[Material provided]:
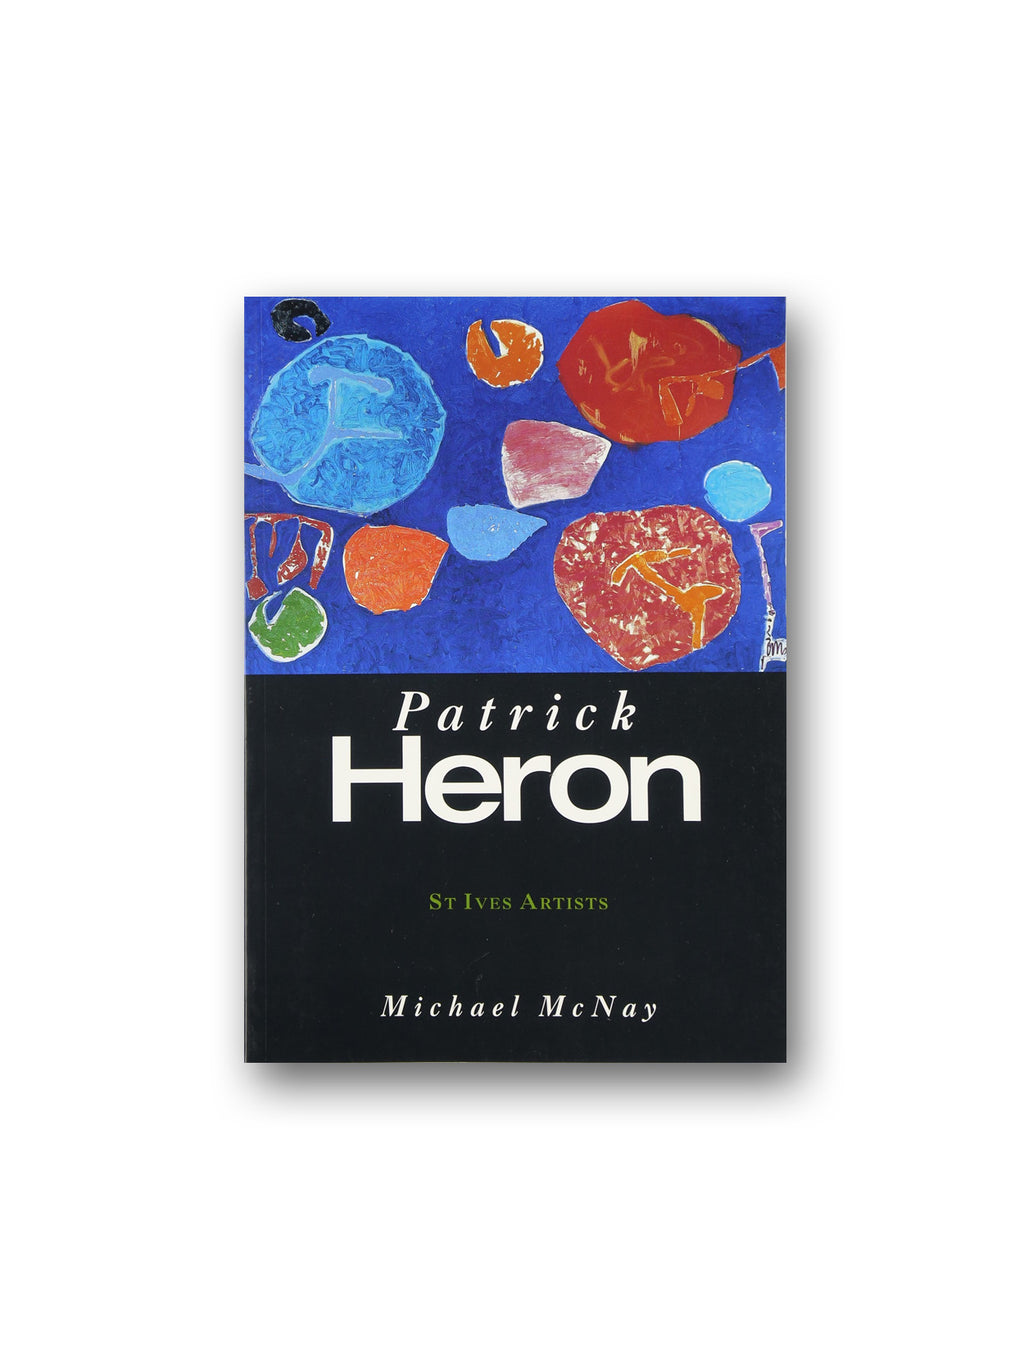 Patrick Heron: St. Ives Artists
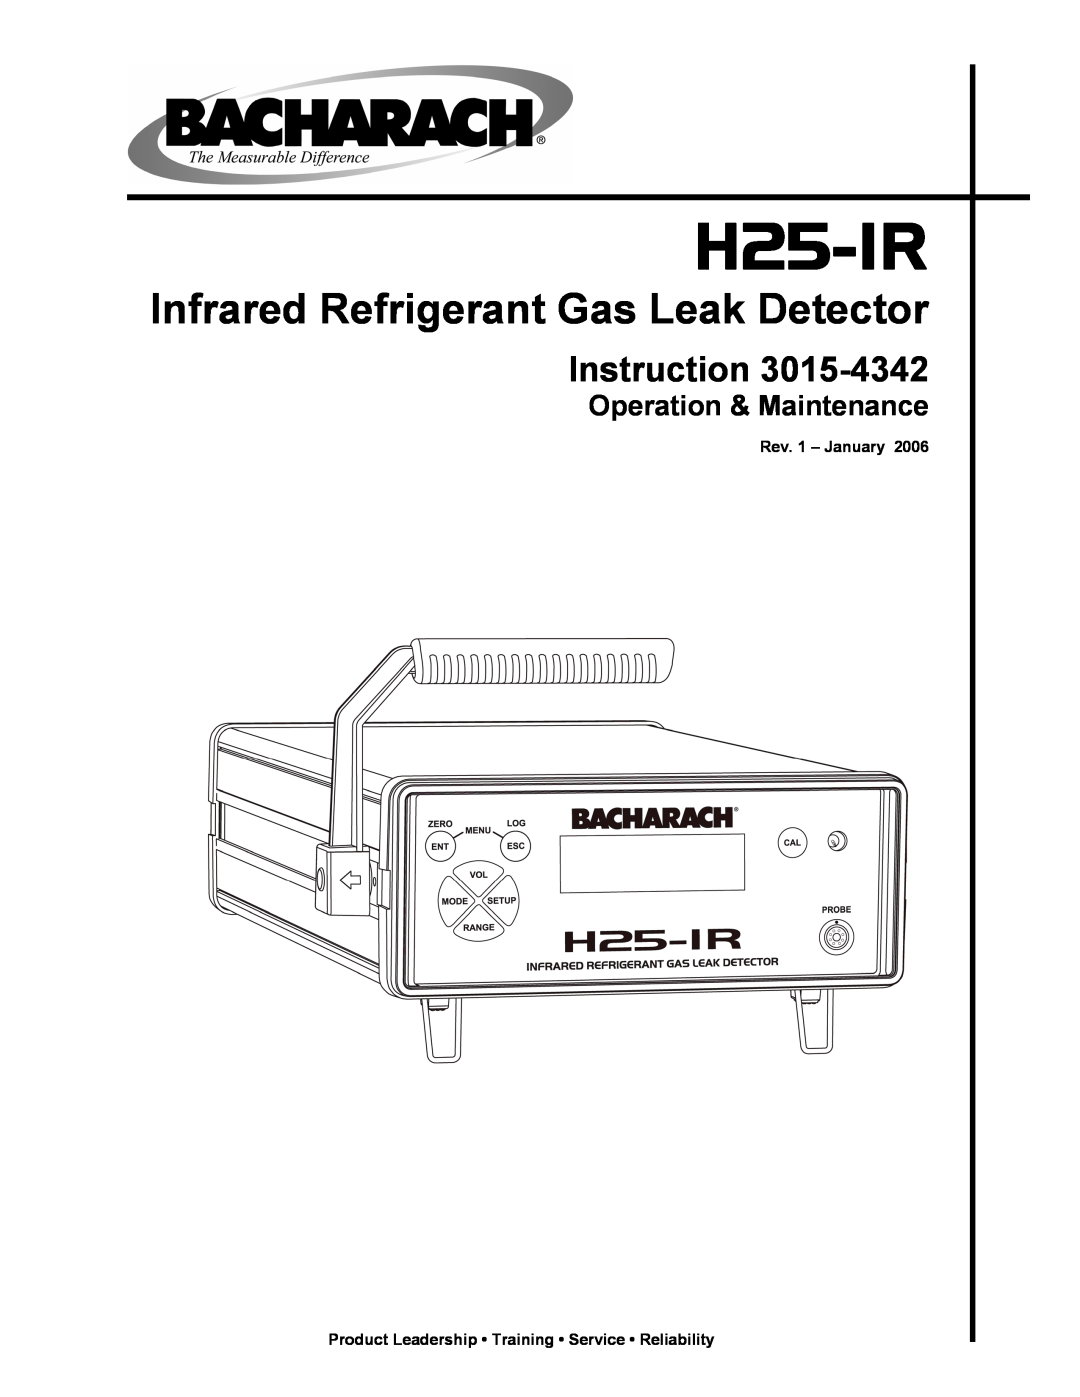 Bacharach H25-IR manual Infrared Refrigerant Gas Leak Detector, Instruction, Operation & Maintenance, Rev. 1 - January 
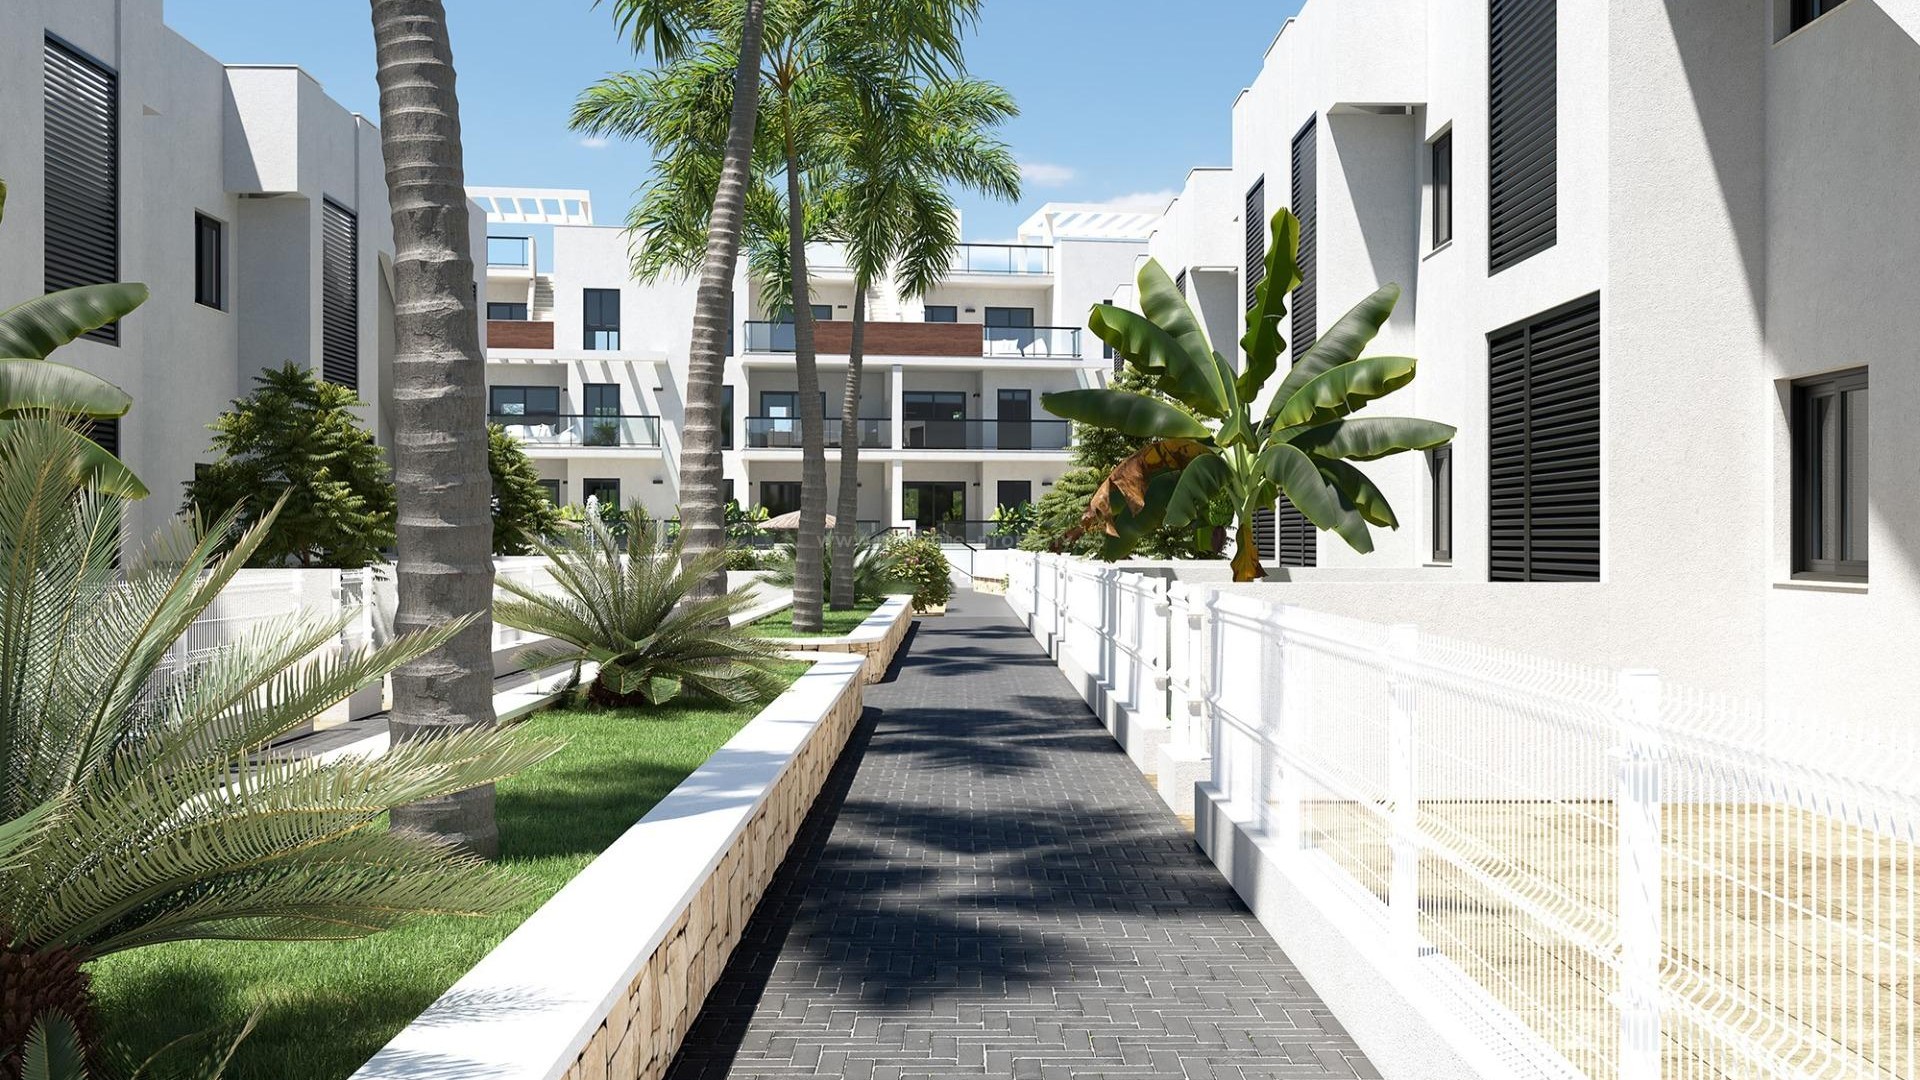 Bungalows/apartments in Torre de La Horadada, 300m from the beach, 2/3 bedrooms, 2 bathrooms, ground floor with private garden, top floor with private solarium

[Exercise instructions]: Reproduce word for word the lines running from the line with "Bacharach H25-IR manual" through the end of the data, both included, and nothing else; leave out the pictures.

[Answer box]:
 Bacharach H25-IR manual Infrared Refrigerant Gas Leak Detector, Instruction, Operation & Maintenance, Rev. 1 - January 
 Bungalows/apartments in Torre de La Horadada, 300m from the beach, 2/3 bedrooms, 2 bathrooms, ground floor with private garden, top floor with private solarium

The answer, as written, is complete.